Instigado por um
texto de Clóvis Gruner sobre a meritocracia
(http://www.chuvaacida.info/2014/02/a-meritocracia-e-uma-utopia.html),
registrei no Chuva Ácida uma observação
com o seguinte teor:
"Clóvis, esse trecho de comentário que você
usou é um tipo de argumento muito presente na literatura de empreendedorismo.
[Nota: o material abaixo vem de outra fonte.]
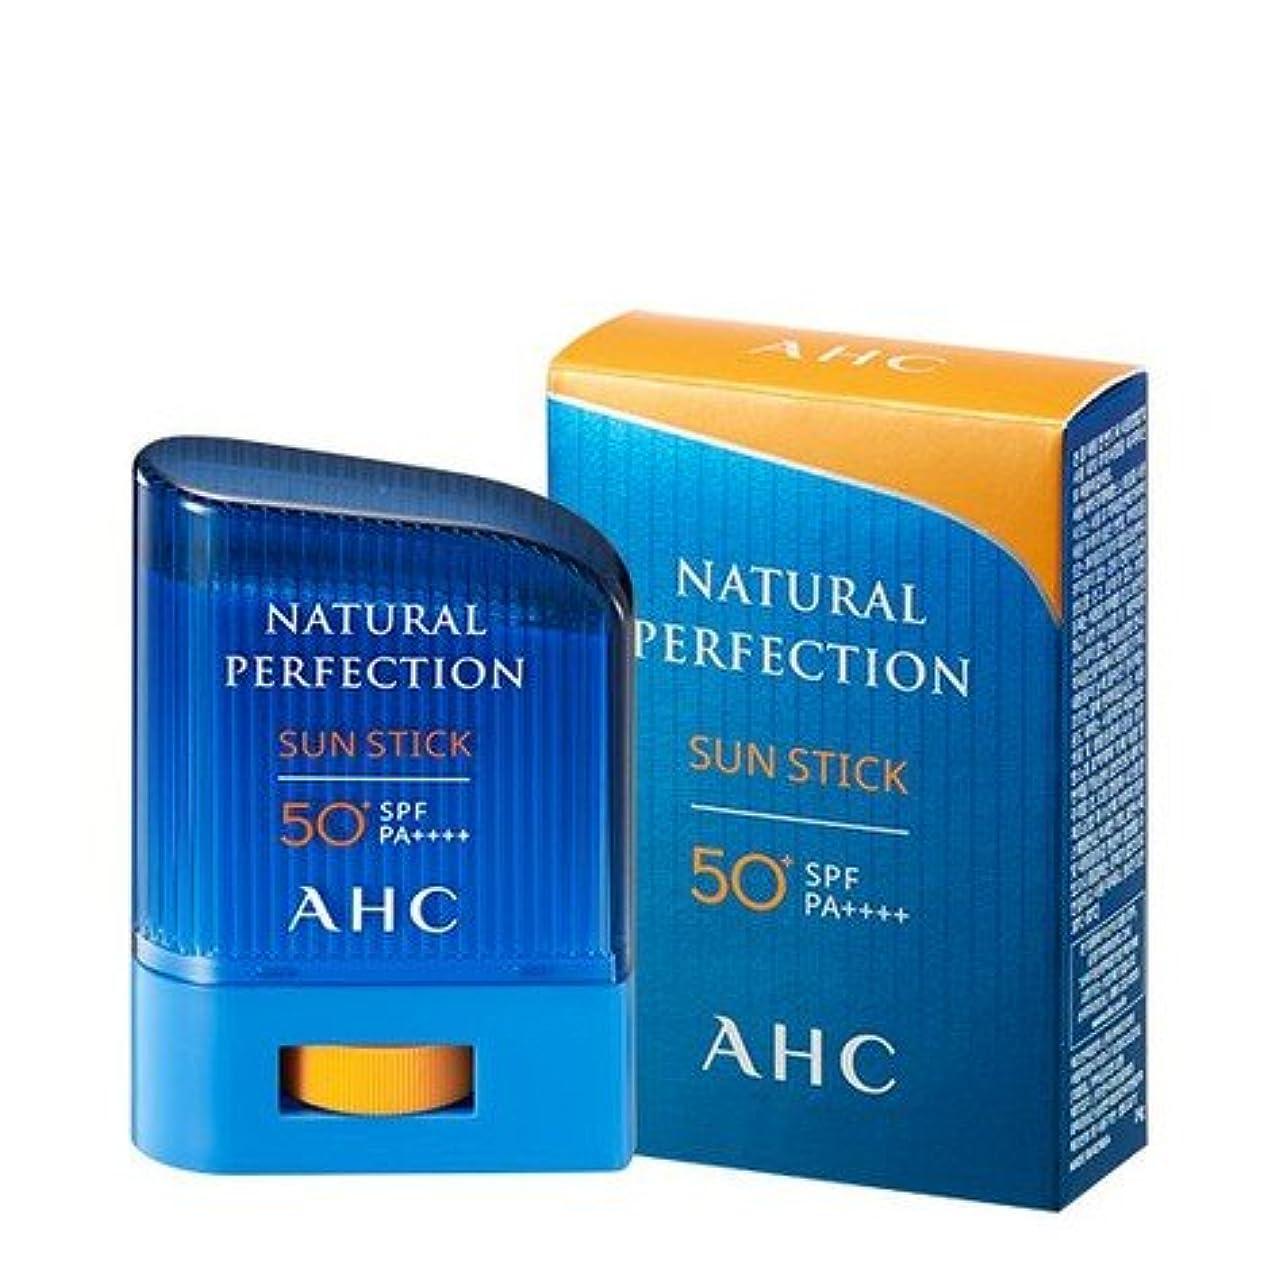 パーティション部分的ティーンエイジャー[Renewal 最新] AHCナチュラルパーフェクション線スティック / AHC NATURAL PERFECTION SUN STICK [SPF 50+ / PA ++++] [並行輸入品] (22g)

De forma simplória, reduzem o ato de empreender a simples questões de apetência
e competência, sem nenhuma referência a outros aspectos da desigualdade entre
pessoas. Isso me deixa muito angustiado com o nível das discussões acadêmicas
sobre o assunto. Obrigado pelo texto."
Eu
me referia ao seguinte texto que Clóvis usara como ilustração de uma forma de
pensar que deixa de levar em consideração a desigualdade de condições entre as
pessoas como reflexo de injustiças sociais:
Clóvis Gruner, em seu
texto no Chuva Ácida, nos apresenta brevemente
as condições históricas do surgimento da meritocracia. Reproduzo parte de seu
texto que, em minha opinião, é central para a discussão das condições para empreender:
“Diferente
do comentário que motivou esse texto, a meritocracia não é uma panaceia a
justificar a desigualdade social apelando à competência de alguns poucos
enquanto acusa, irresponsavelmente, a indolência da maioria. Ela contém, desde
o berço, a possibilidade utópica de que as condições objetivas mínimas de
igualdade serão asseguradas para que os indivíduos possam, livremente, exercer
seus talentos. Daí o projeto, acalentado pelos iluministas do setecentos, de uma
educação universal, entendida como condição primária à aquisição das
habilidades necessárias para que se pudesse, efetivamente, falar em uma
sociedade baseada no mérito.”
"Minha dúvida é como não ligar o conceito de empreendedorismo com o de meritocracia, visto q até na competição entre empresas entra o mérito"
Em seguida sugeriu
que esse poderia ser um tema de post neste blog.
Minha resposta ao
Vinicius foi:
"Sim, mas a
meritocracia tem que se dar a partir de uma igualdade de condições para
desenvolver competências. É uma boa sugestão de tema pro meu blog. Abcs."
Aceitando a sugestão
do Vinicius, fiquei pensando se haveria evidências desta minha afirmação. As
coincidências da vida, fizeram com que no dia seguinte chegasse às minhas mãos
um exemplar do Relatório Executivo do GEM 2013 – Empreendedorismo no Brasil. Neste
documento encontrei alguns dados interessantes que podem ser evidências do
efeito da desigualdade social no empreendedorismo brasileiro.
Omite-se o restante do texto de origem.